The Puritan religion, like that of Calvinism, allowed first only the singing of Psalms and then of Biblical texts in church. Isaac Watts, an eighteenth century English Congregationalist minister, thought to render these texts in poetry, making them much more accessible to the layperson. English composers set his poems and the resulting hymns traveled to America along with the Evangelical movement of the Great Awakening. Belcher, like Daniel Read, realized he could set those texts himself, and did so, to popular American acclaim. In printing the music, each note was assigned one of four shapes, which made sight reading of the line much easier to master and gave the style its name of shape-note singing. This style of composition, also known as Sacred Harp, for the vast collection of harmonized tunes published under that title in the 19th century, assigned the melody to the tenor line and the harmonic accompaniment to the other lines; in our concert we start this way but then have the tenor and soprano parts doubled on the octave, as was usually done in congregational singing. You will hear tonight all three forms of composition in shape-note hymnody: the plain tune, the fuging tune, and the anthem. The first two are strophic and the last is through composed.

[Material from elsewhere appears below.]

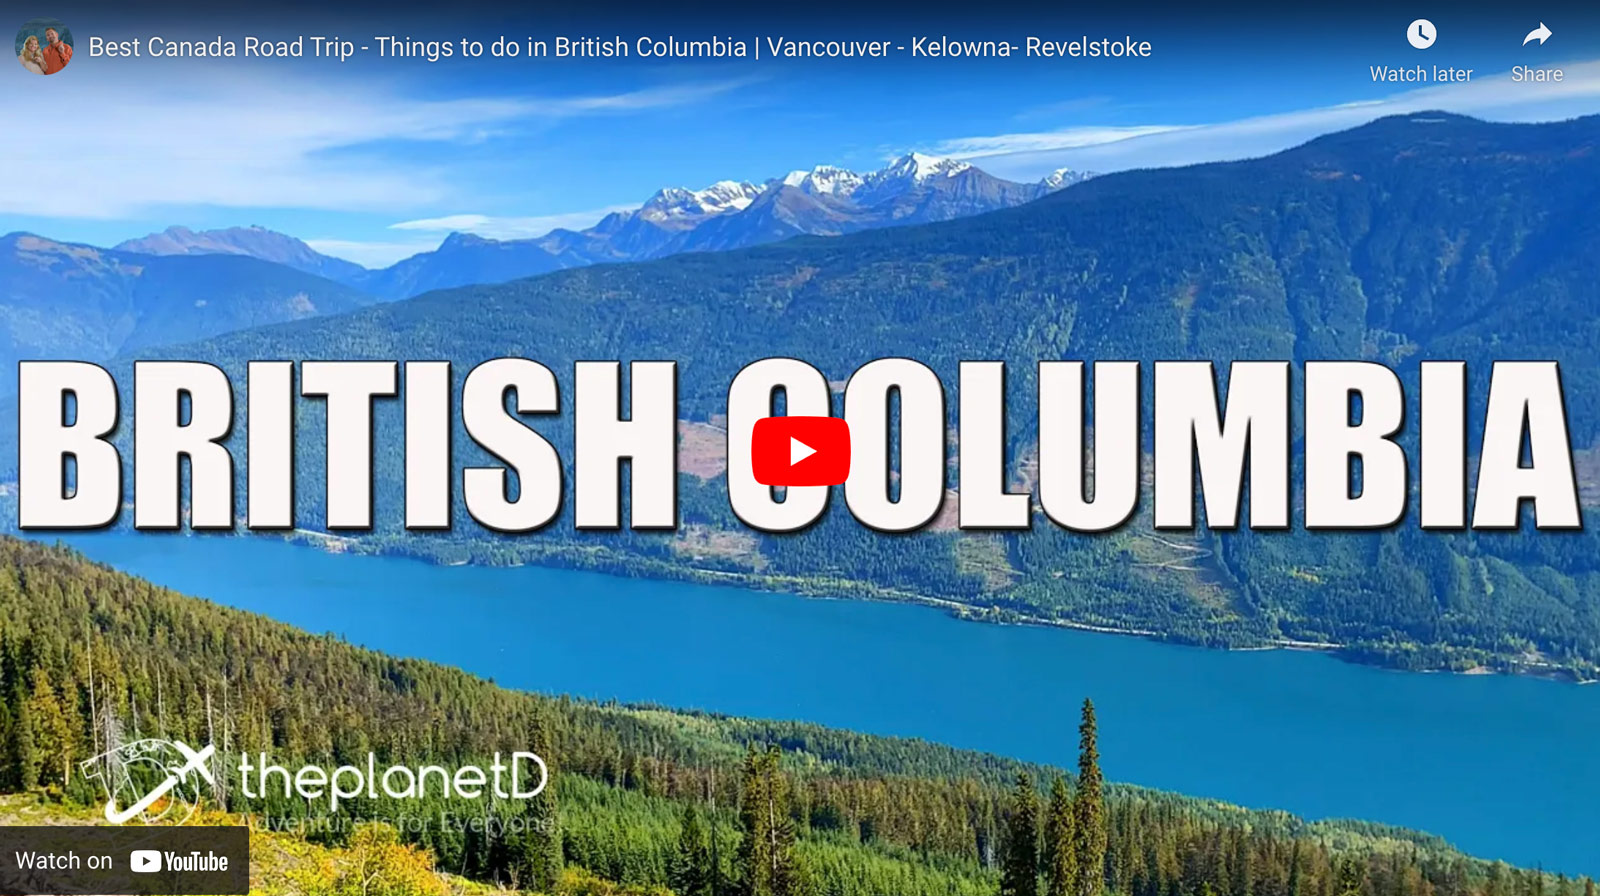 best british columbia road trip from Vancouver to Kelowna and Revelstoke to Kamloops

Many of tonight’s composers are not only American, but, like Belcher, New Englanders: Ingalls from Andover; Pinkham from Lynn and Cambridge; Jay Rogers from Cambridge; Supply Belcher from Maine; Ives from Connecticut; and Charles Turner and Carson Cooman from the Boston area. Boston, through the compositions of the 18c composer William Billings, was the birthplace of shape-note hymnody in America, but it also provided the person responsible for its demise. Lowell Mason, a nineteenth century musician, promulgated the idea that it was more cultured and refined to have Western classical music from Europe performed in the church by choirs and organists. As a result, the tradition of shape-note singing in church became associated with the less-educated classes and died out in most cities, surviving solely in isolated communities in the South. Star in the East and Morning Star were both written later than those mentioned earlier; the former was written by a Carolinian for another collection called Southern Harmony, and Morning Star was written by Robert Lowry, the composer of perhaps the best-known of Gospel hymns: Shall we gather by the river. Ironically, shape-note singing was rediscovered and revived in academic circles of the Northeast during the 1970s; Norumbega Harmony, led by Steve Marini here in the Boston area, is one of three groups responsible for its Renaissance. Anyone is welcome to attend their weekly sessions of singing from the original book of Sacred Harp as well as from a new book that contains newly composed pieces by members of the gathering, one of whom is a former member of Musica Sacra!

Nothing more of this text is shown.